Lecture 7

Spreadsheets

  • Most of us are familiar with spreadsheets, rows of data, with each column in a row having a different piece of data that relate to each other somehow.
  • A database is an application that can store data, and we can think of Google Sheets as one such application.
  • For example, we created a Google Form to ask students their favorite TV show and genre of it. We look thorugh the responses, and see that the spreadsheet has three columns: “Timestamp”, “title”, and “genres”:
    image of Google Sheets spreadsheet with row 1 having cells "Timestamp", "title", and "genres", with row 2 having cells "10/28/2019 15:03:45", "Dynasty", "Drama, Family", and so on
  • We can download a CSV file from the spreadsheet with “File > Download”, upload it to our IDE, and see that it’s a text file with comma-separated values matching the spreadsheet’s data.

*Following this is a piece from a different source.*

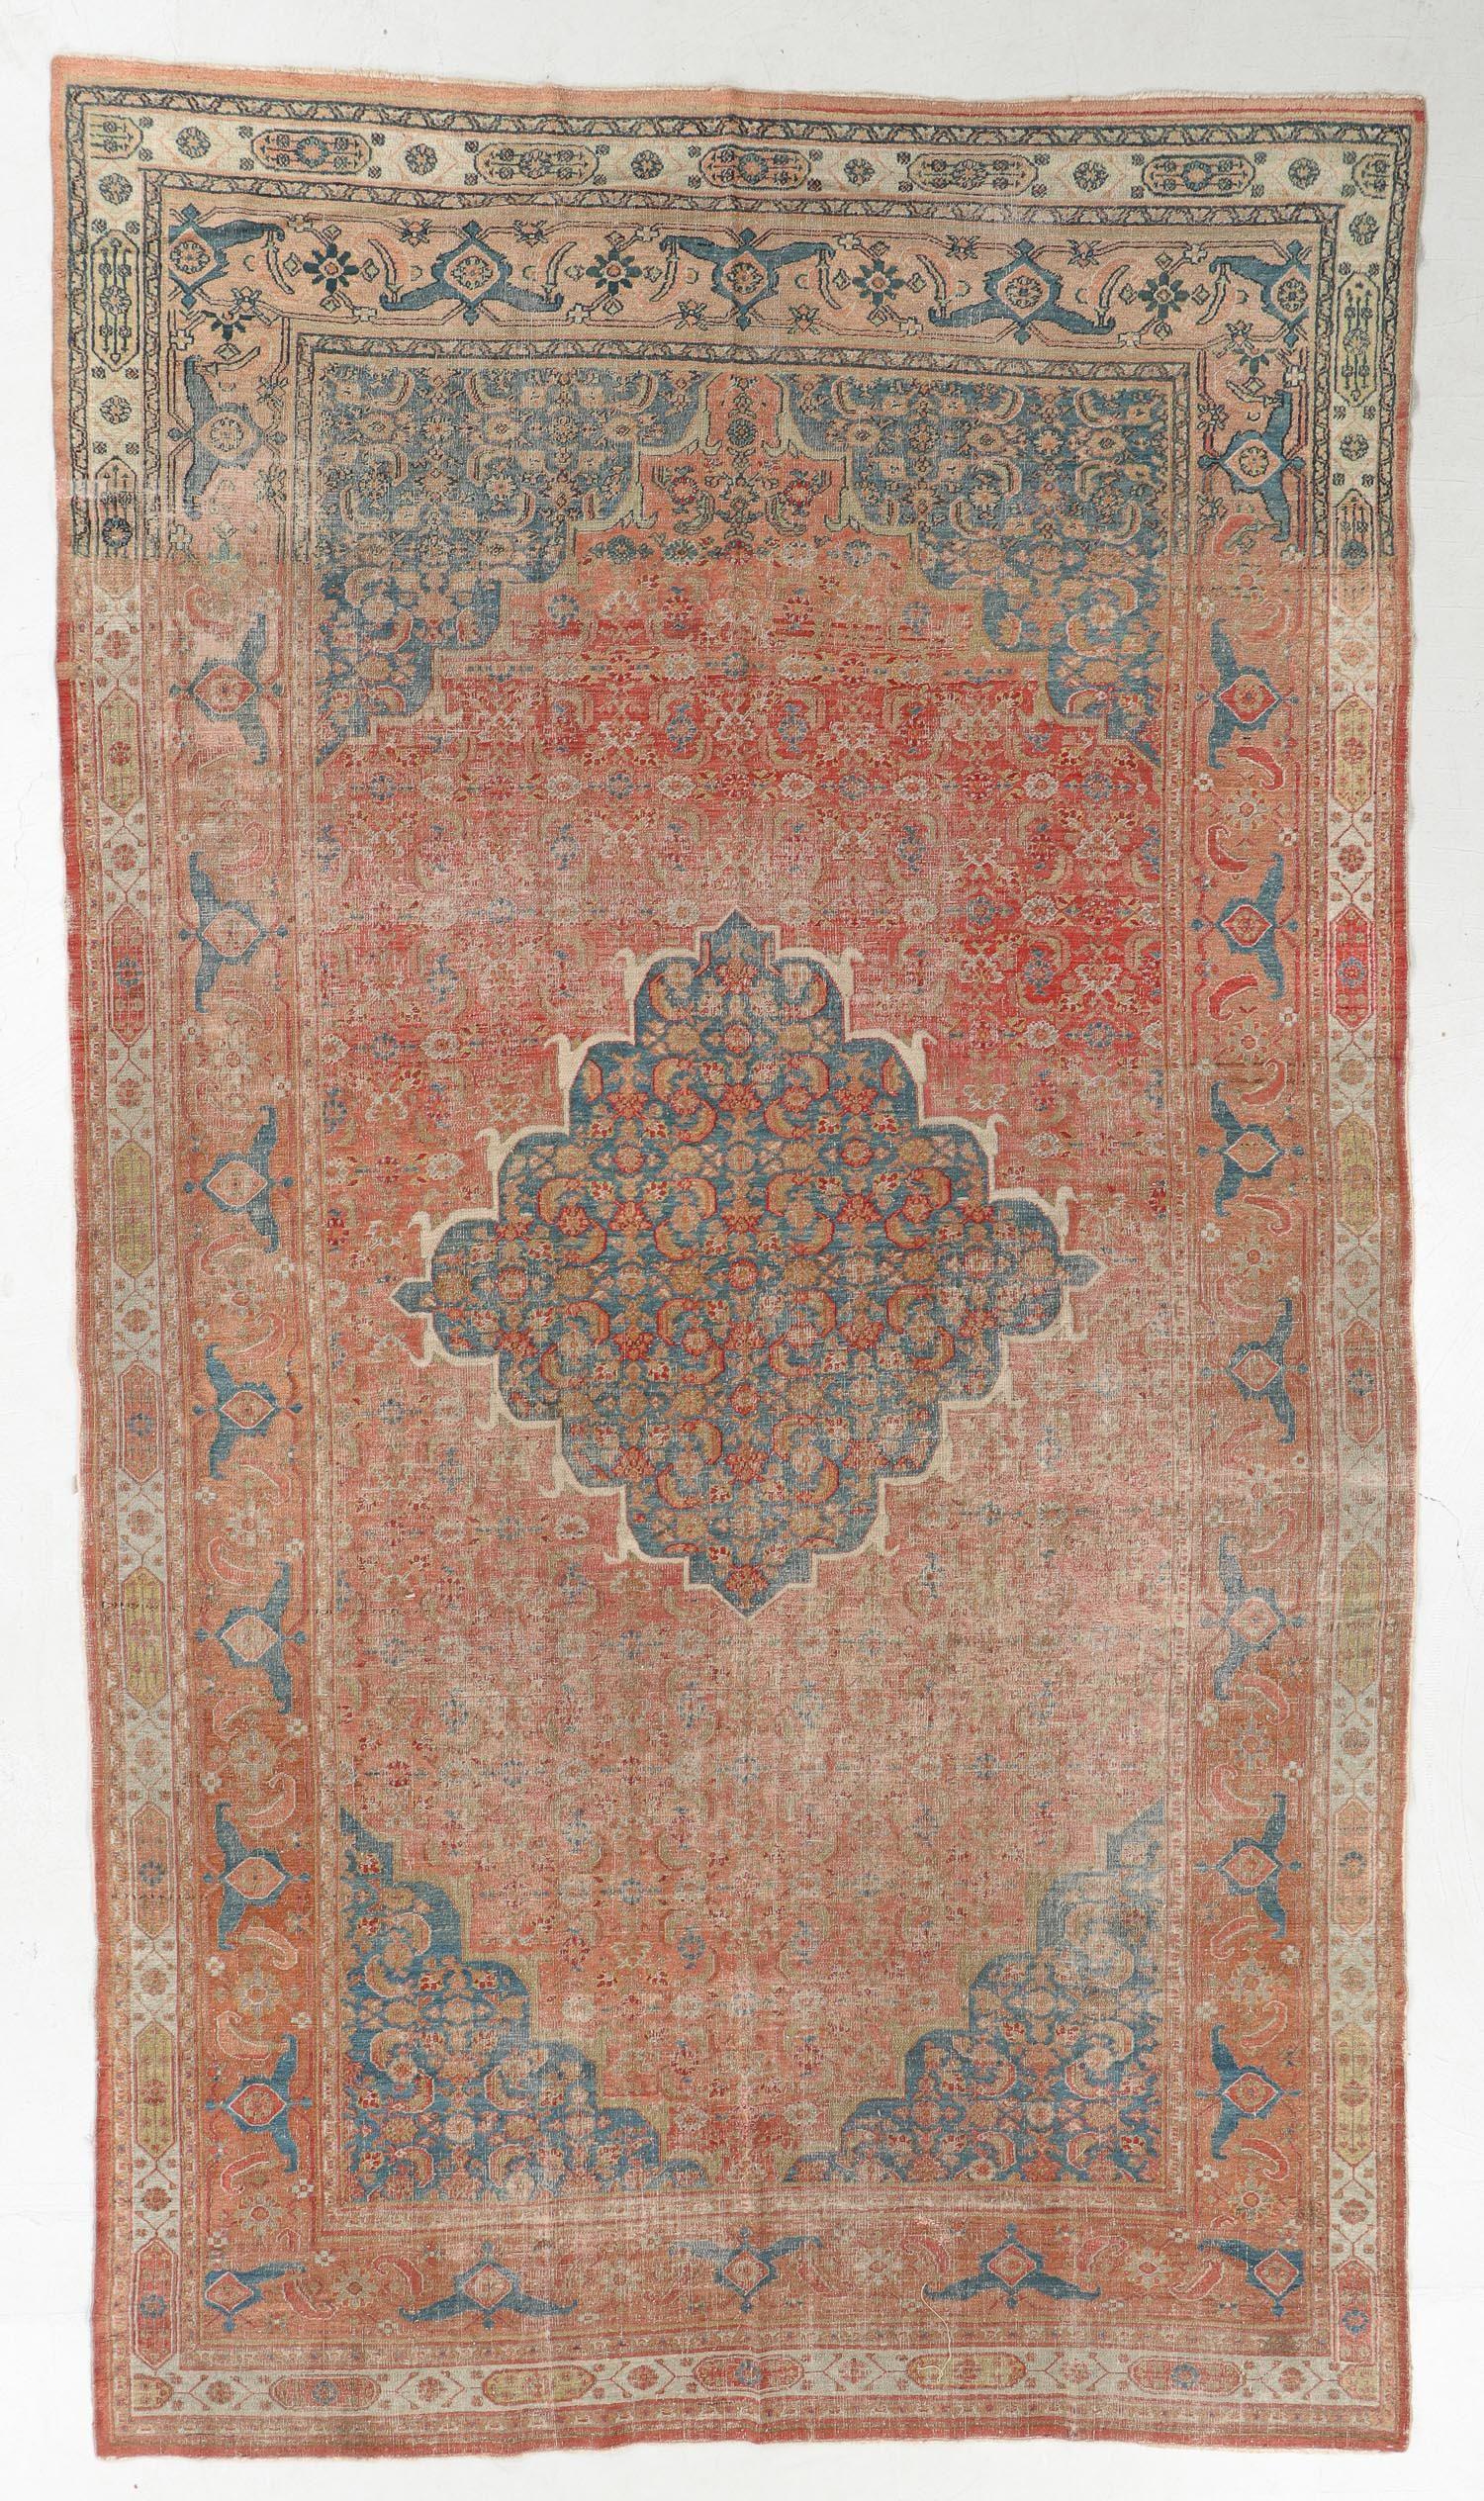 Dorokhsh Rug, Persia, Late 19th C., 6'3'' x 11'2''

  • We’ll write favorites.py:
    import csv
    
    with open("CS50 2019 - Lecture 7 - Favorite TV Shows (Responses) - Form Responses 1.csv", "r") as file:
        reader = csv.DictReader(file)
    
        for row in reader:
            print(row["title"])
    
    • We’re just going to open the file and make sure we can get the title of each row.
  • Now we can use a dictionary to count the number of times we’ve seen each title, with the keys being the titles and the values for each key an integer, tracking how many times we’ve seen that title:
    import csv
    
    counts = {}
    
    with open("CS50 2019 - Lecture 7 - Favorite TV Shows (Responses) - Form Responses 1.csv", "r") as file:
        reader = csv.DictReader(file)
    
        for row in reader:
            title = row["title"]
            if title in counts:
                counts[title] += 1
            else:
                counts[title] = 1
    
    for title, count in counts.items():
        print(title, count, sep=" | ")
    
    • In each row, we can get the title with row["title"].

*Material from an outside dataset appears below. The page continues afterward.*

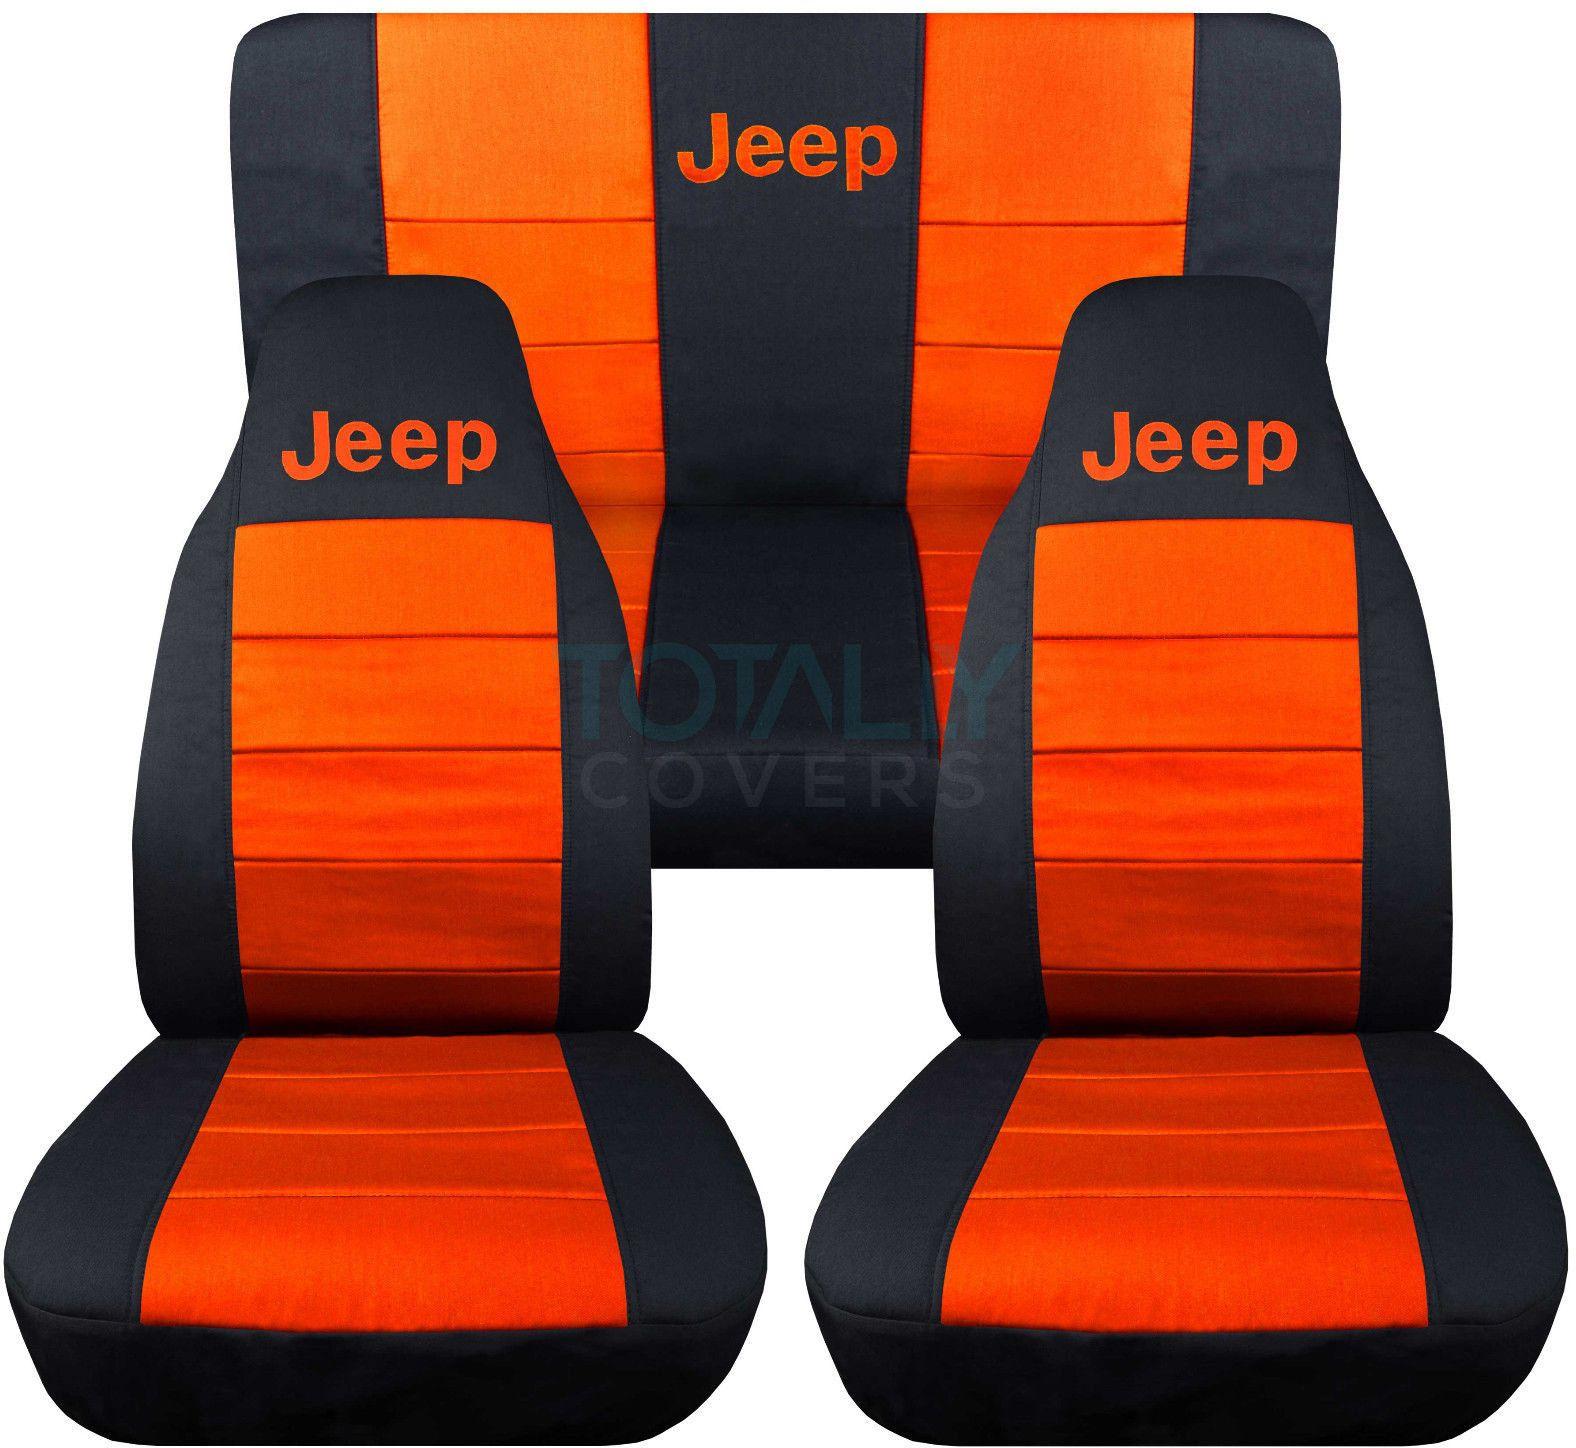 Jeep Wrangler Black and Orange Jeep Logo Seat Covers.

    • Here, if we’ve seen the title before (it’s in counts), we can just add 1 to the value. Otherwise, we need to set the initial value to 1.

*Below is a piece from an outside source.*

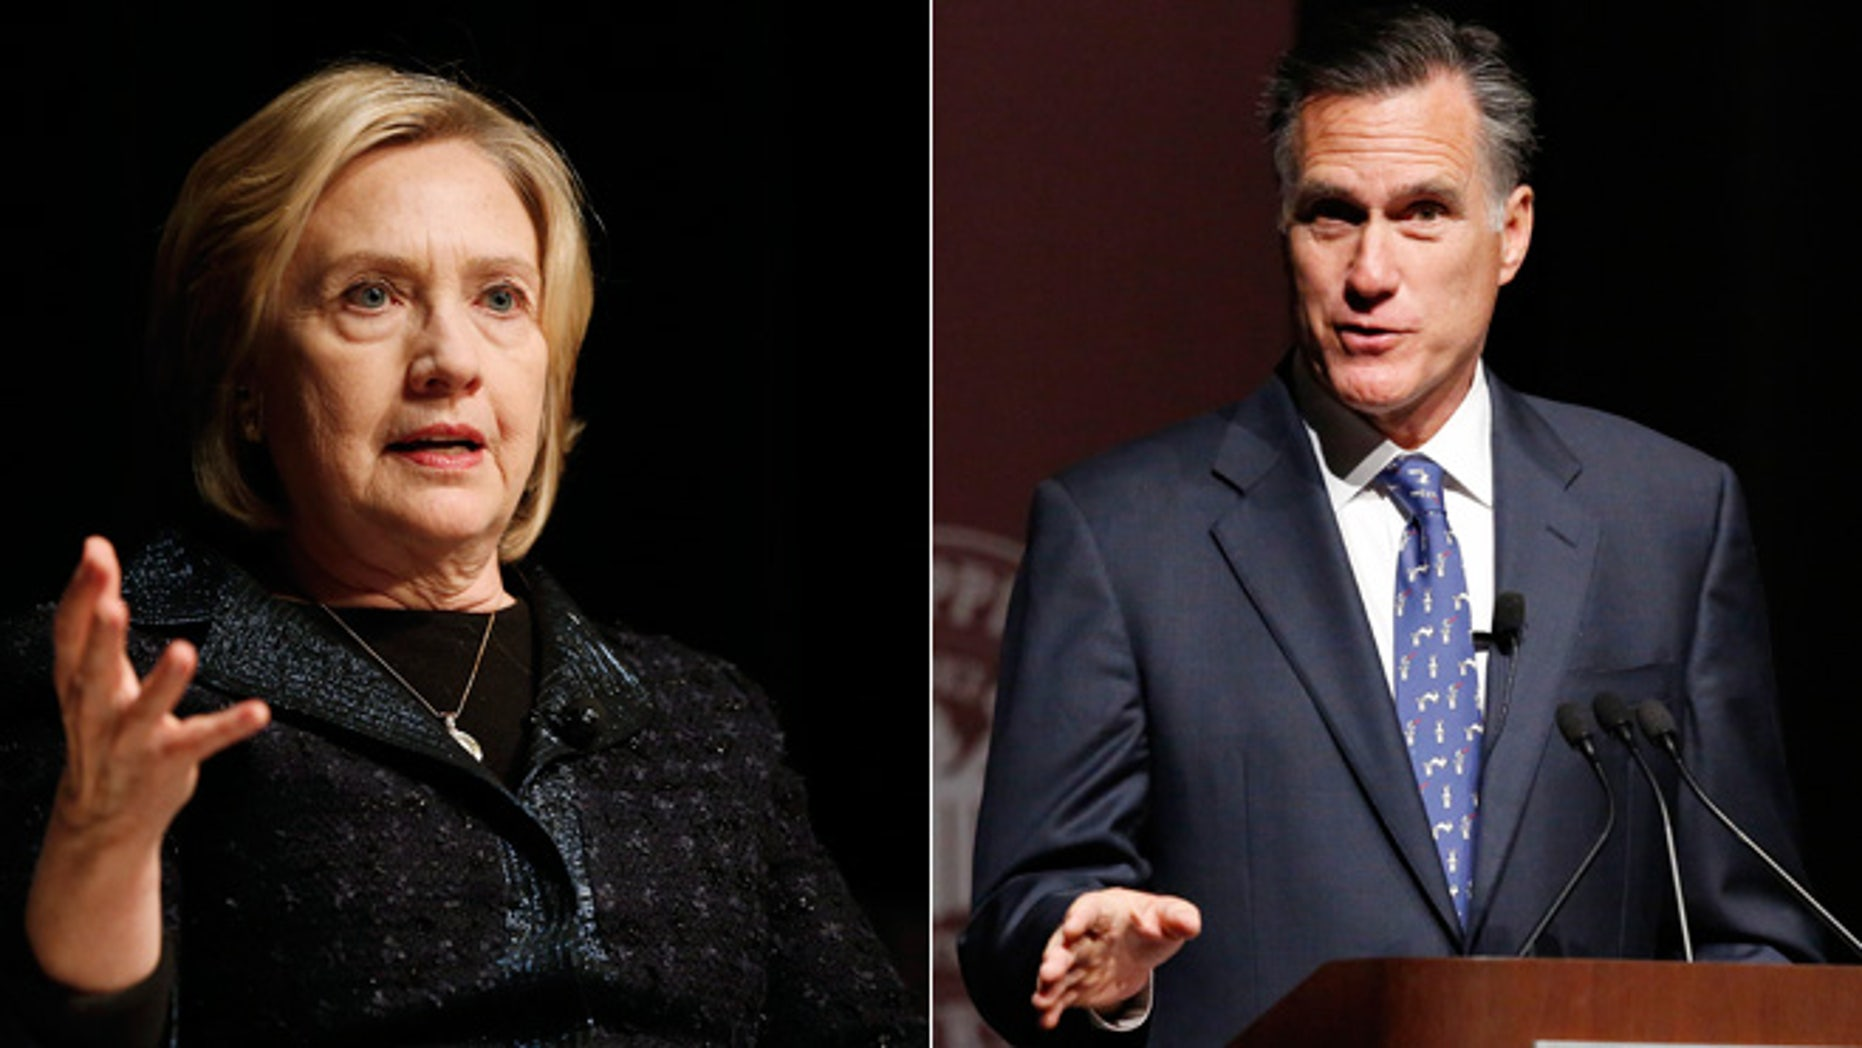 Shown above: Former Secretary of State Hillary Clinton (left) and former Massachusetts Governor Mitt Romney (right).

    • Finally, we can print out our dictionary’s keys and values with a separator so it’s a bit easier to read.
  • We can change the way we iterate to for title, count in sorted(counts.items()):, and we’ll see our dictionary sorted by the keys, alphabetically.
  • But we can sort by the key-value pairs in the dictionary with:
    def f(item):
      return item[1]
    
    for title, count in sorted(counts.items(), key=f, reverse=True):
    
    • We define a function, f, which just returns the value from the item in the dictionary with item[1]. The sorted function, in turn, can use that as the key to sort the dictionary’s items. And we’ll also pass in reverse=True to sort from largest to smallest, instead of smallest to largest.
  • We can actually define our function in the same line, with this syntax:
    for title, count in sorted(counts.items(), key=lambda item: item[1], reverse=True):
    
    • We pass in a lambda, or anonymous function, as the key, which takes in the item and returns item[1].
  • Finally, we can make all the titles lowercase with title = row["title"].lower(), so our counts can be a little more accurate even if the names weren’t typed in the exact same way.

SQL

  • We’ll look at a new program in our terminal window, sqlite3, a command-line program that lets us use another language, SQL (pronounced like “sequel”).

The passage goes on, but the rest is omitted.